But often in production, ML models are parts of overall systems. Let's see a data-centric approach to such systems where we use this data

In [None]:
from whylogs.core.relations import Predicate
from whylogs.core.metrics.condition_count_metric import Condition
from whylogs.core.validators import ConditionValidator

In [None]:
def raise_error(validator_name, condition_name, value):
    raise LLMApplicationValidationError(
        f"Failed {validator_name} with value {value}."
    )

In [None]:
low_condition = {"<0.3": Condition(Predicate().less_than(0.3))}

In [None]:
toxicity_validator = ConditionValidator(
    name = "Toxic",
    conditions = low_condition,
    actions = [raise_error]
)

In [None]:
refusal_validator = ConditionValidator(
    name = "Refusal",
    conditions = low_condition,
    actions = [raise_error]
)

In [None]:
llm_validators = {
    "prompt.toxicity": [toxicity_validator],
    "response.refusal_similarity": [refusal_validator]
}

In [None]:
from whylogs.experimental.core.udf_schema import udf_schema

active_llm_logger = why.logger(
    model = "rolling",
    interval = 5,
    when = "M",
    base_name = "active_llm",
    schema = udf_schema(validators = llm_validators)
)

In [None]:
active_llm_logger.log(
    {"response":"I'm sorry, but I can't answer that."}
)

In [None]:
while True:
    try:
        request = user_request()
        response = prompt_llm(request)
        user_reply_success(request, response)
    except KeyboardInterrupt:
        break
    except LLMApplicationValidationError:
        user_reply_failure(request)
        break

# Section 5. Characterizing image data

Characterizing and improving the quality of unstructured data like images and text looks quite different than that of tabular data at times.

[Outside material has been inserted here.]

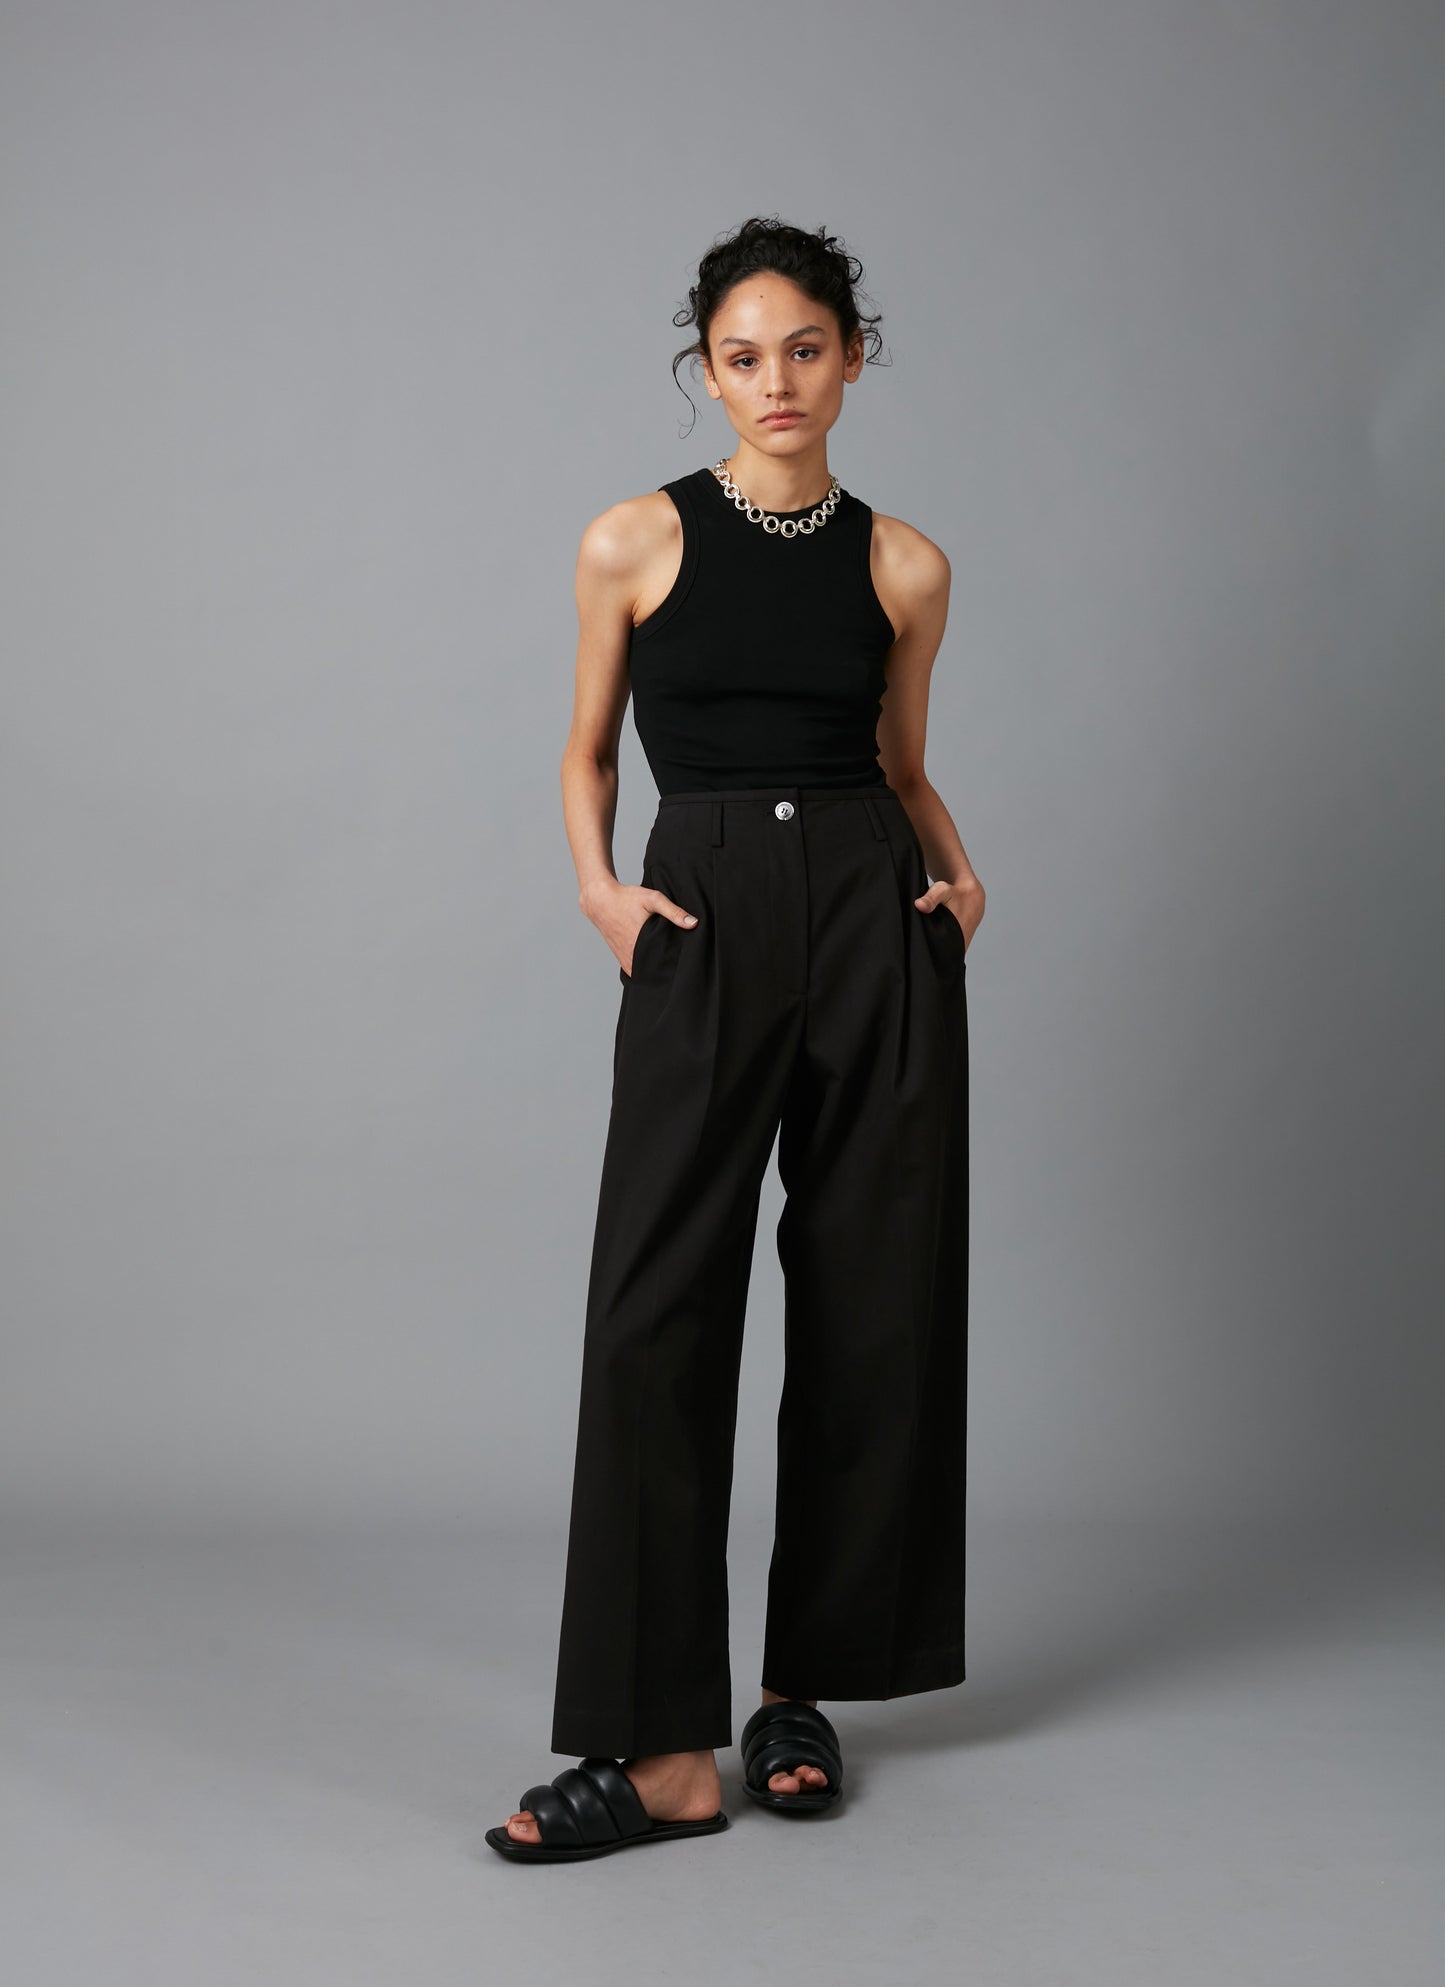 Front view of model with black tank and  Black Sculpture Cotton Tencel Pants

Unstructured data is often very high-dimensional and complex causing human labeling to take a more important role.

But there are several efforts that go the opposite direction -- using simple rules, metrics, labeling functions to create higher quality data systems. We'll look at simple metrics that are valuable for image data.

## Viewing and logging example images

We take just four images from the [Ahmed & Moustafa (2016) dataset](https://github.com/emanhamed/Houses-dataset) for a home listing for our example.

In [None]:
%pip install --upgrade pillow

In [None]:
from PIL import Image

In [None]:
# Re-importing in case we restart runtime (needed for Google Colab)
import helpers
import whylogs as why
from whylogs.viz import NotebookProfileVisualizer
from whylogs.extras.image_metric import log_image

In [None]:
frontal_img = Image.open("images/99_frontal.jpg")
frontal_img

In [None]:
bedroom_img = Image.open("images/99_bedroom.jpg")
bedroom_img

In [None]:
bathroom_img = Image.open("images/99_bathroom.jpg")
bathroom_img

In [None]:
kitchen_img = Image.open("images/99_kitchen.jpg")
kitchen_img

In [None]:
# Logging several related images
image_profile = log_image({
    "frontal": frontal_img,
    "bedroom": bedroom_img,
    "bathroom": bathroom_img,
    "kitchen": kitchen_img
})

## Simple metrics for images

### Brainstorm

What simple metrics could we use to distinguish between these images?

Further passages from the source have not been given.